Saturday, April 16, 2011

pin x wait on s wait event

Chances are you've stumbled onto my website because you are searching for the keywords "pin x wait on s" "wait" "event" and "parsing".

Well I have been fighting a fire for the last 2 weeks in our performance enviroment on just these "keywords".

We have been doing our testing by sending through a set workload with very similar processing needs.  This workload is date sensitive, so it has been a challenge to keep moving dates and retesting. Recently, we have begin utilzing "flashback database" for our testing.. This has great promise for getting consistent testing done!
You run through your test case scenario, and capture your performance data.  You flashback to the start point, make the change, then run through the same exact scenario. Pretty cool huh ?

Well all this was going as planned.  We ran our processing, saved AWR data, and reran.  Suddenly we started seeing these "pin x wait on S" events holding up processing for minutes at a time.

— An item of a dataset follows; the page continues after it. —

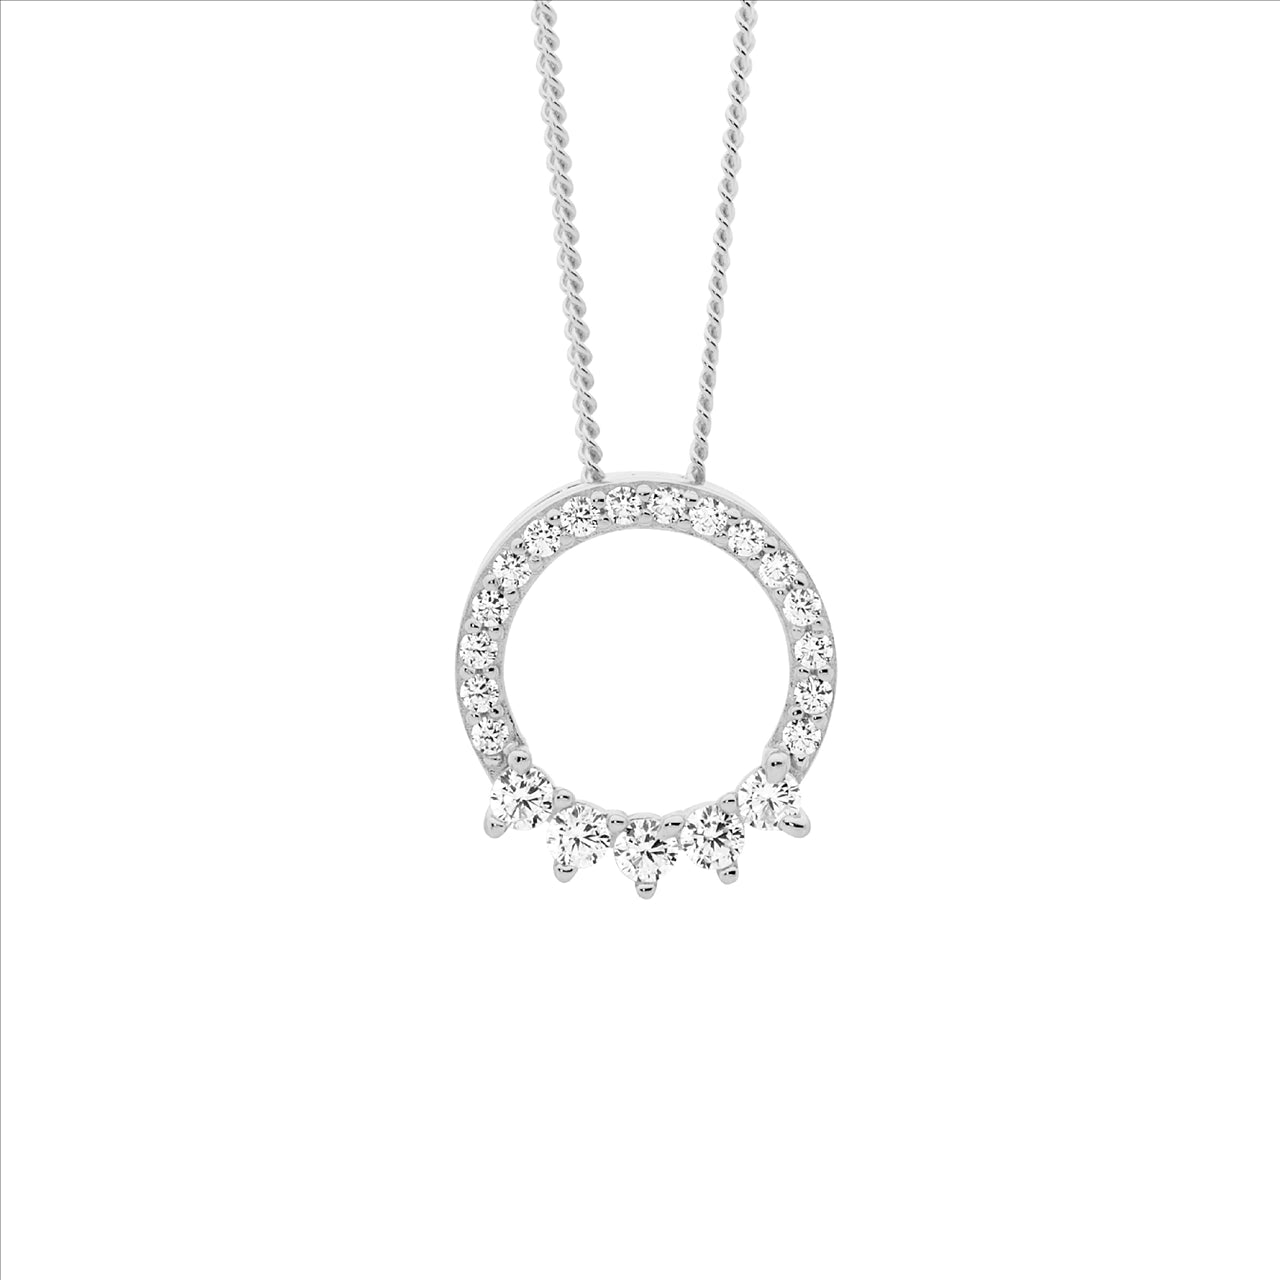 Sterling Silver Circle Pendant with 5x CZ

Where did these come from ? was it the release ??  We had to dig in and find out.

Well here is some background.
  • Our queries are very, very complex.  They often take ~ 1000ms to parse (1 second), and 4ms to execute.
  • flashback will flush your cache, kind of obvious, but pertinent to my situation.
  • Our processing is very structured, and sends multiple processing streams through the same steps in the same order
So what was happening ?  Well it turns out that this is caused by hard parsing multiple duplicate sql (probably 50+ in our case) simultaneously.  This wait event is Oracle trying to parse the first sql statement, and having all the others wait.  This parse queing doesn't do well with sql of this complexity, and it throws off the parsing causing these wait events.

Just wanted to pass this on, that if you see this event, and you are doing similar testing, look at the complexity of the queries, and consider hard simultaneous parsing of the same sql as the cuplrit.


Friday, April 8, 2011

Exadata class

This week I attended "exadata and database machine admintration" class.  It was a good class, but they usually are from OU.

This class covers a lot of material in 3 days and it is a good intro to what it's going to be like managing an exadara.  Take heed to the prerecs.  They aren't manditory, but knowing about RAC and grid is necessary to understand how Exadata implements those pieces.

For those who might attend, my advice is do more with dbcontrol,  The class doesn't say much about dbcontrol or grid control.

Well to start at the beginning the class is in a virual environment, Each student has their own virtual 1/4 rack with 1 cpu per node,  This works out well because everyone has their own isolated environment.  This environment has a database with the sh default schema.

In order to get the most out of the class
1) I changed database password for sys,system,dbsnmp,and sysman.
2) I recreated the password file.
3) I installed dbcontrol (dbca)
4) I set up ssh keys for celladmin, and cellmonitor to go to each cell from the oracle account.  Be aware that to set up ssh for cellmonitor, copy the keys as root and change permissions.  The cellmonitor account has very little privileges,
5) I created my own account in asm and granted sysasm to it.

After doing all this I was able to start up dbcontrol and connect to my virtual environment,  This gave me a great view into how the disks were configured, and I was able to add the exadata cells to dbcontrol.

I think having dbcontrol set up made the class much more useful so I could visually see all the items newly available on the exadata.

Tuesday, April 5, 2011

Hadoop

I know after all this exadata posting, your are probably wondering why my blood doesn't run black and red ?

Well I've been hearing about Hadoop for years, and I think it's finally about time that I set up an Hadoop envioronment.

If you have never heard of hadoop here is a starting point.

There are also 2 very interesting flavors.

Cassandra - this allows for HA through clustering your hadoop database with no single point of failure
Hive          - This allows for data warehousing with the building of materialized views.

The thing that grabbed my attention is the ability to handle large amounts of log data.  Like most major companies we produce unwielding amounts of log files from our application server farms with no way to sift through it.  It seems like a lot of people are utilizing hadoop to organize and search log files.

Interesting subject that I will be pursuing further. If anyone has any experience, or words of wisdom on this pass it on.